Switchtec Gen4 PCIe switch introduces a new hardware DMA engine to offload expensive memory operations, such as large copies, from host processors. A complete solution of the Switchtec DMA involves not only the hardware DMA engine, but also embedded firmware and host software.
The Switchtec DMA kernel module exports the access to the Switchtec DMA engine to the upper layer host software (DMA client).
The kernel source (instead of the kernel headers) is required to build the
driver, since it depends on the header file drivers/dma/dmaengine.h in the
kernel source tree. Run make
to build the driver against the current kernel,
or make -C path-to-other-kernel-source M=$PWD modules
to build against anther
kernel.
When configured, the Switchtec devices advertise a special DMA endpoint which enables the DMA functionality. BAR0 of the endpoint exports the firmware and hardware registers for the driver to configure and control the DMA engine.
The switchtec dma driver maintains two queues in host memory space, a submission queue (SQ) and a completion queue (CQ), to communicate with the hardware DMA engine. The Switchtec DMA driver adds Submission Elements (SE) to the SQ on behalf of the DMA client when a DMA transfer is kicked off. The DMA engine adds Completion Elements (CE) to the CQ when a DMA transfer has finished.
The Switchtec DMA driver can work in two modes: address DMA mode and fabric DMA mode. With Switchtec PSX/PFX devices, the Switchtec DMA driver works in address DMA mode. With Switchtec PAX devices, the Switchtec DMA driver works in fabric DMA mode. The Switchtec DMA driver can work in address DMA mode and fabric DMA mode at the same time if both PSX/PFX and PAX devices are present in the system.
In address DMA mode, Switchtec DMA enables data movement within a local host.
This mode is automatically turned on with Switchtec PSX/PFX DMA endpoint devices when they're probed and initialized by the driver.
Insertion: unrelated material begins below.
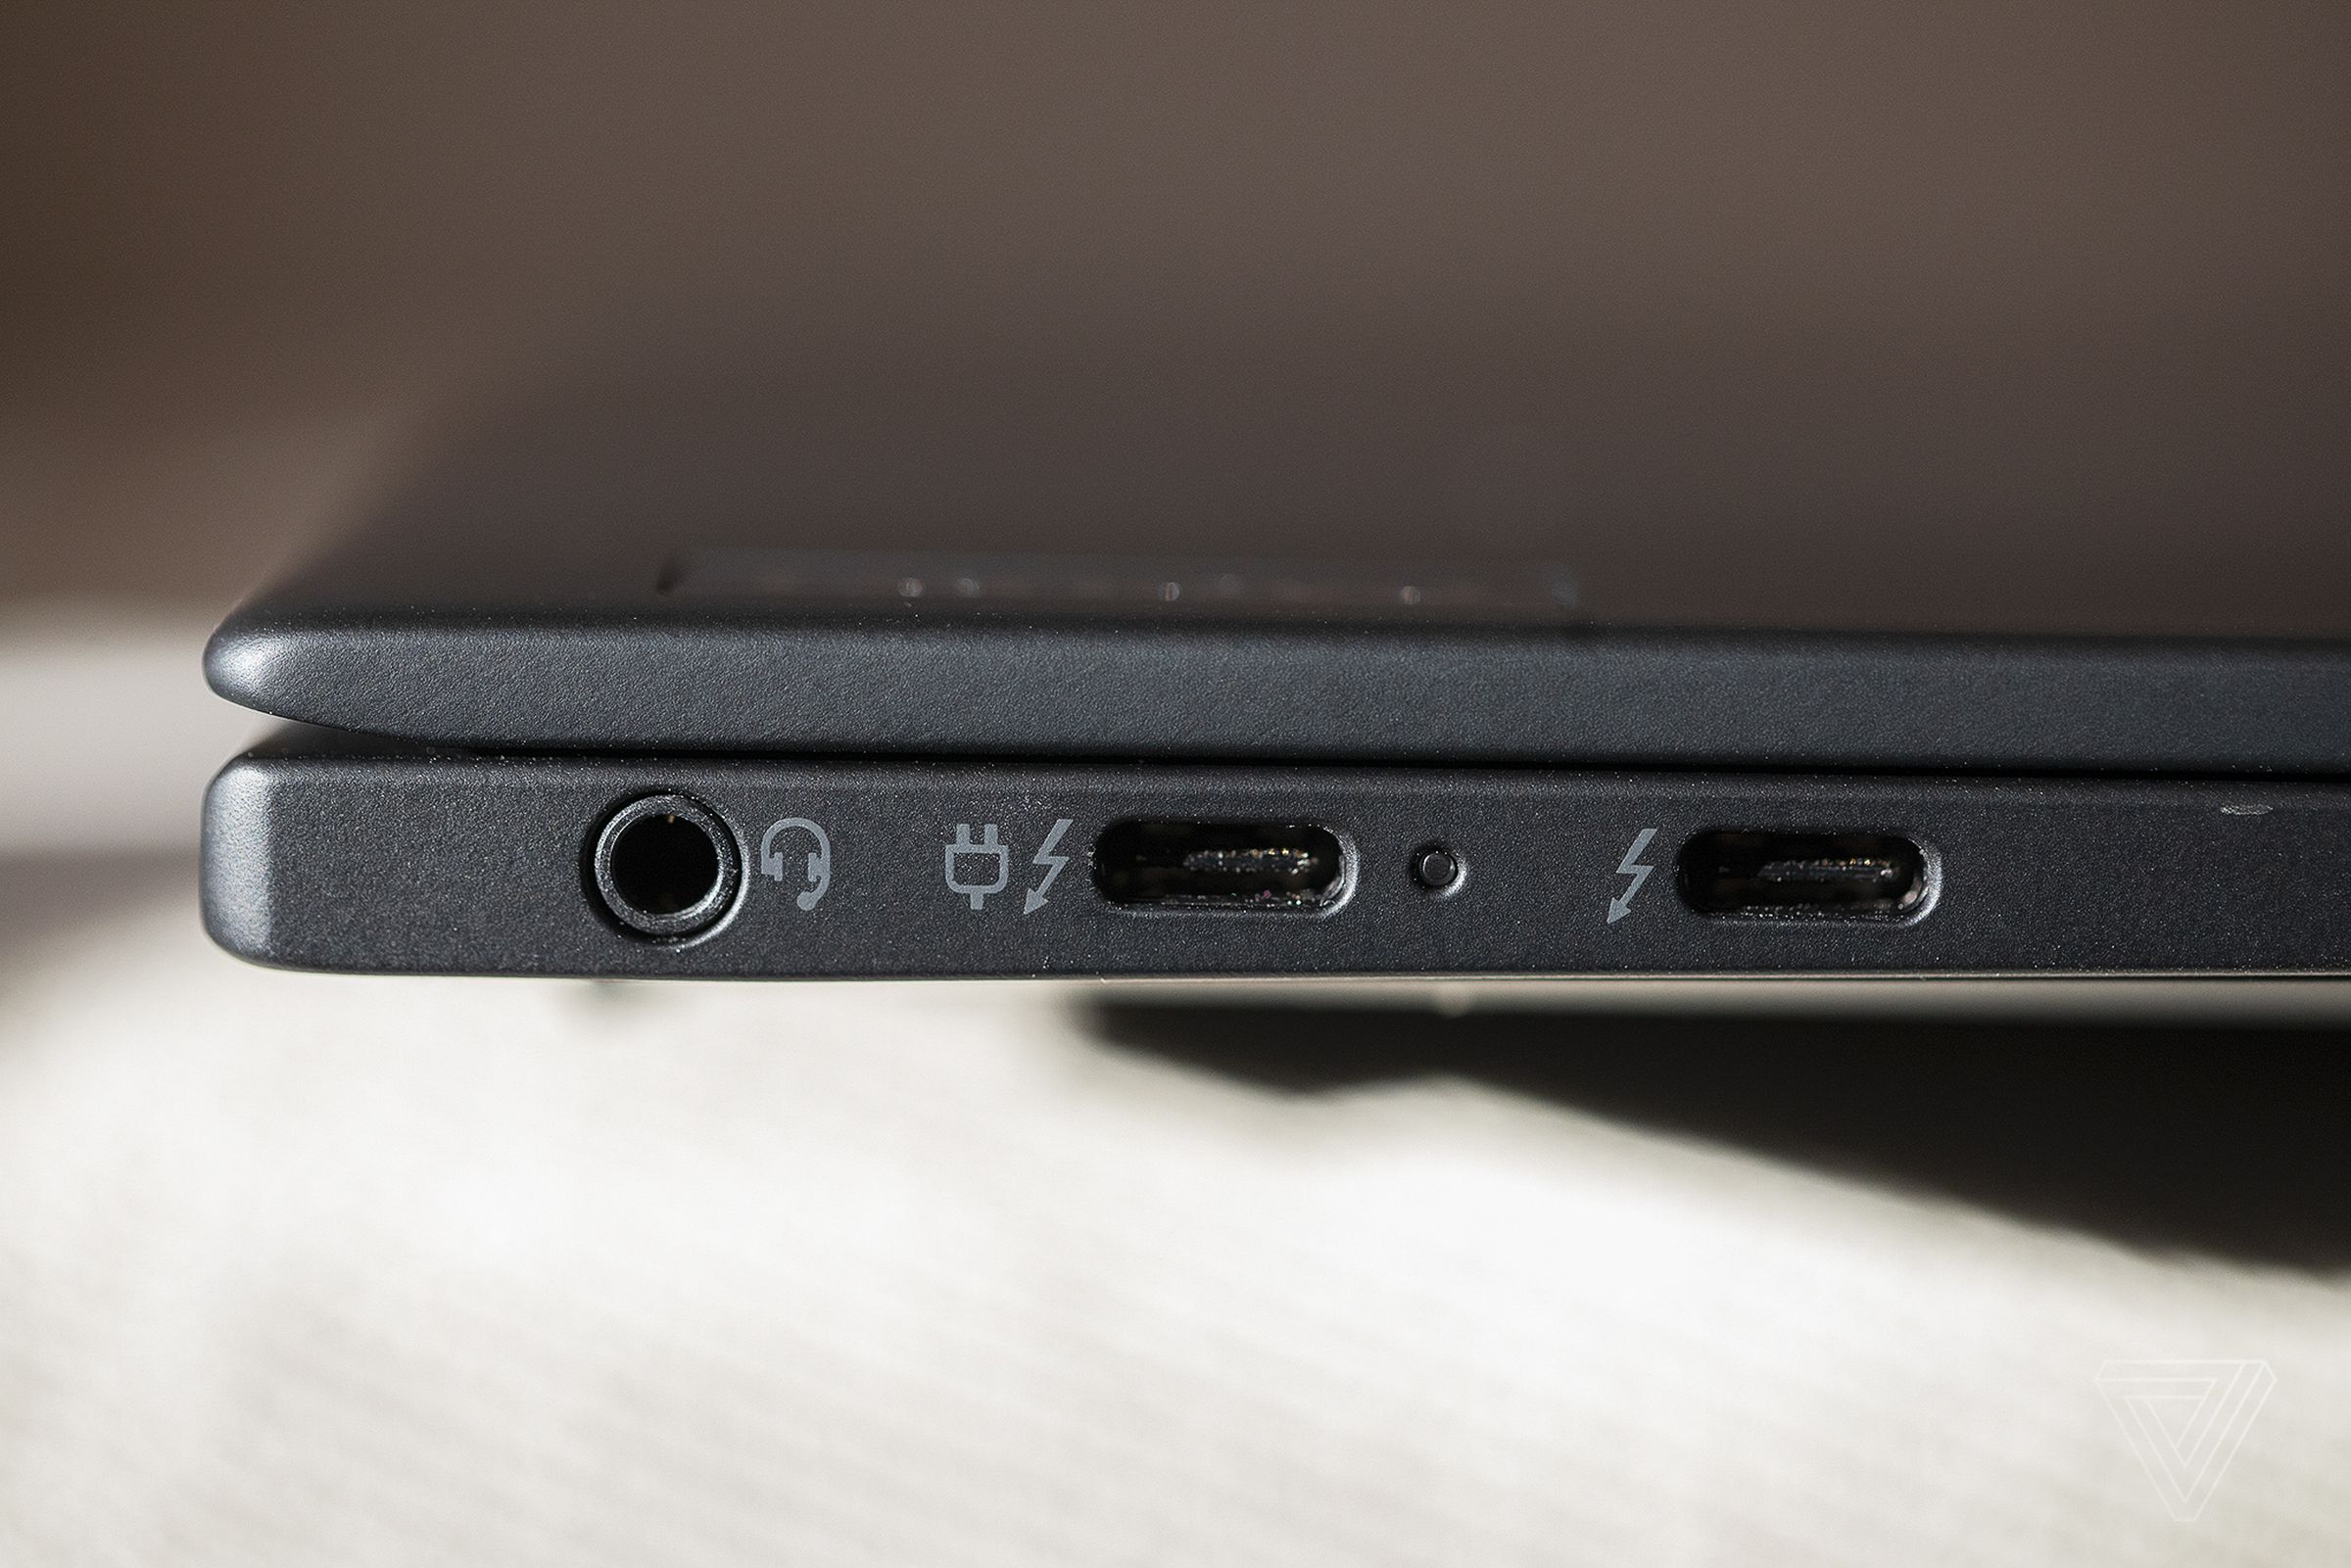 The ports on the left side of the ThinkPad X1 Nano.

In this mode, the Switchtec DMA driver enables the following DMA transactions:
- Memory copy within the local host
- Write Immediate within the local host
In address DMA mode, the Switchtec DMA driver works as a DMA controller driver (provider) of the Linux DMAEngine framework. For more detail, refer to Documentation/driver-api/dmaengine/provider.rst in the Linux kernel source tree.
In fabric DMA mode, the Switchtec DMA driver enables data movement from one host to another within the same Switchtec fabric.
This mode is automatically turned on with Switchtec PAX DMA endpoint devices when they're probed and initialized by the driver. In this mode, the Switchtec DMA driver enables the following DMA transactions:
- Memory copy from the local host to a remote host
- Write Immediate to a remote host
- Interrupt a remote host (Remote Host Interrupt or RHI)
In fabric DMA mode, the Switchtec DMA driver extends the provider interface of the Linux DMAEngine framework, which means all of the current provider interfaces can still be used. For example, a fabric DMA client can use dma_request_channel() to get a DMA channel, dmaengine_submit() to submit a prepared descriptor, then dma_async_issue_pending() to kick off the transfer.
The extended fabric interface enables Switchtec fabric specific functionality which includes:
- fabric client pairing
- buffer management
- fabric operation descriptor preparation
- fabric event and notification
The fabric DMA clients work in pairs: one acts as target, and the other acts as initiator. Typically, a target allocates buffers for an initiator, and the initiator writes data to the buffers for the target to consume. A real world client could act as initiator and target at the same time.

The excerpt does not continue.